(Bloomberg) -- Ford Motor Co. is cutting the performance bonuses of its senior managers — including Chief Executive Officer Jim Farley — after the automaker said poor execution and supply snags led to disappointing results for the past year.

Executives will still receive bonuses, but the payouts will be reduced, according to an internal memo sent Friday to senior managers and viewed by Bloomberg. Instead of the 148% bonus executives qualified for under the company’s annual incentive compensation plan, based on targets like business performance and cash flow, they will receive 90% of their bonus. 

The cuts apply to a few hundred senior-level managers at the company and don’t affect lower-ranking employees, including salaried workers, the memo said.

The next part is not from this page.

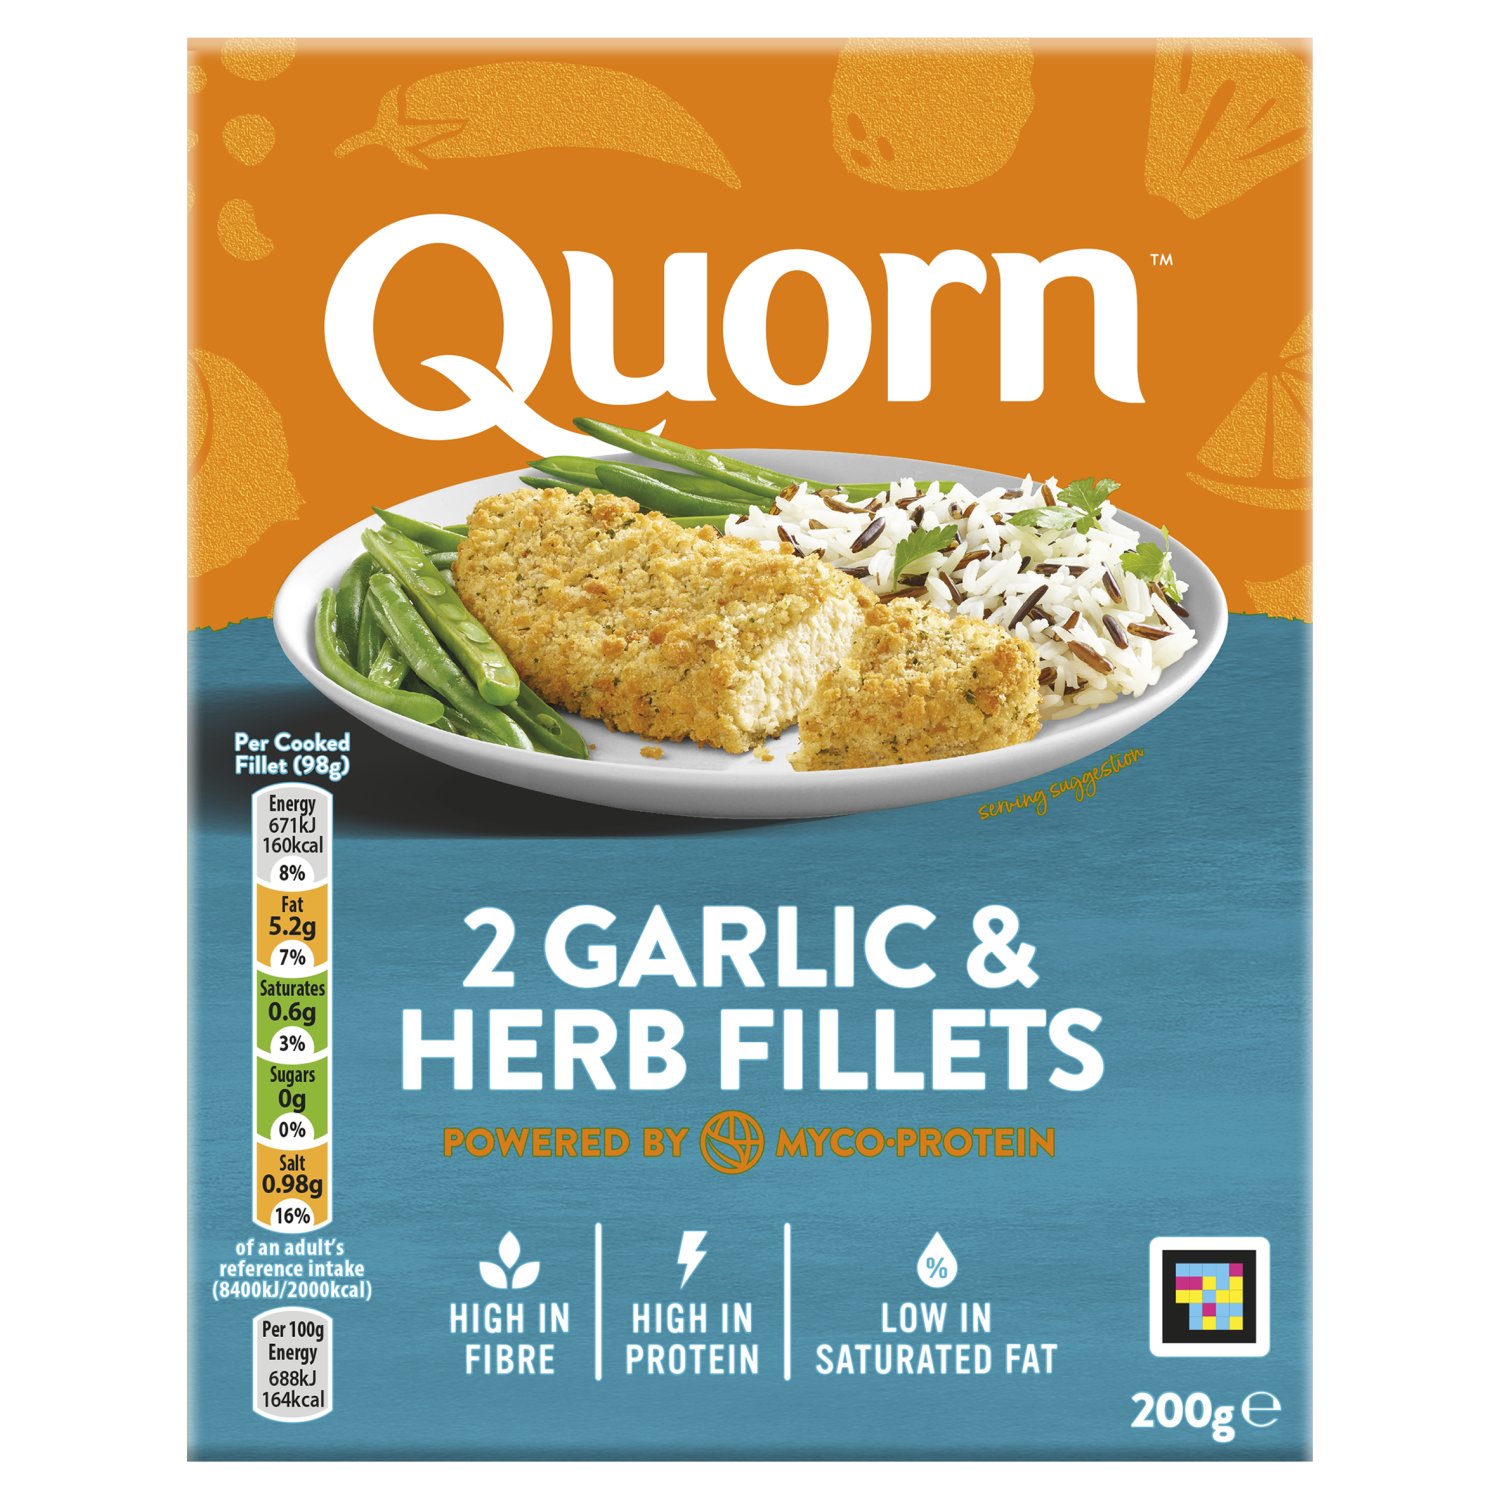 Quorn® and the Quorn™ logo are trademarks belonging to Marlow foods Ltd.

Read more: Ford tumbles after CEO blames high costs, hints at more job cuts

“The reality is we still have a lot of work to improve execution and strengthen our business, as demonstrated by our earnings results,” Ford said in the memo, which was signed by Farley and Chief Financial Officer John Lawler. “Our senior leaders have a significant impact on driving the business results and must live up to the high standards we need to create a vibrant, profitably growing Ford.”

The move adds to the fallout from the company’s worse-than-expected results on Thursday, which dragged down its shares and prompted Deutsche Bank AG to lower its recommendation on the stock. Lawler said Ford would step up its cost-cutting efforts considerably, including possible job cuts.

Ford’s shares fell 1% in extended trading Friday after a decline of 7.6% in regular trading, the biggest one-day fall since Sept. 20, when the company warned of inflationary costs.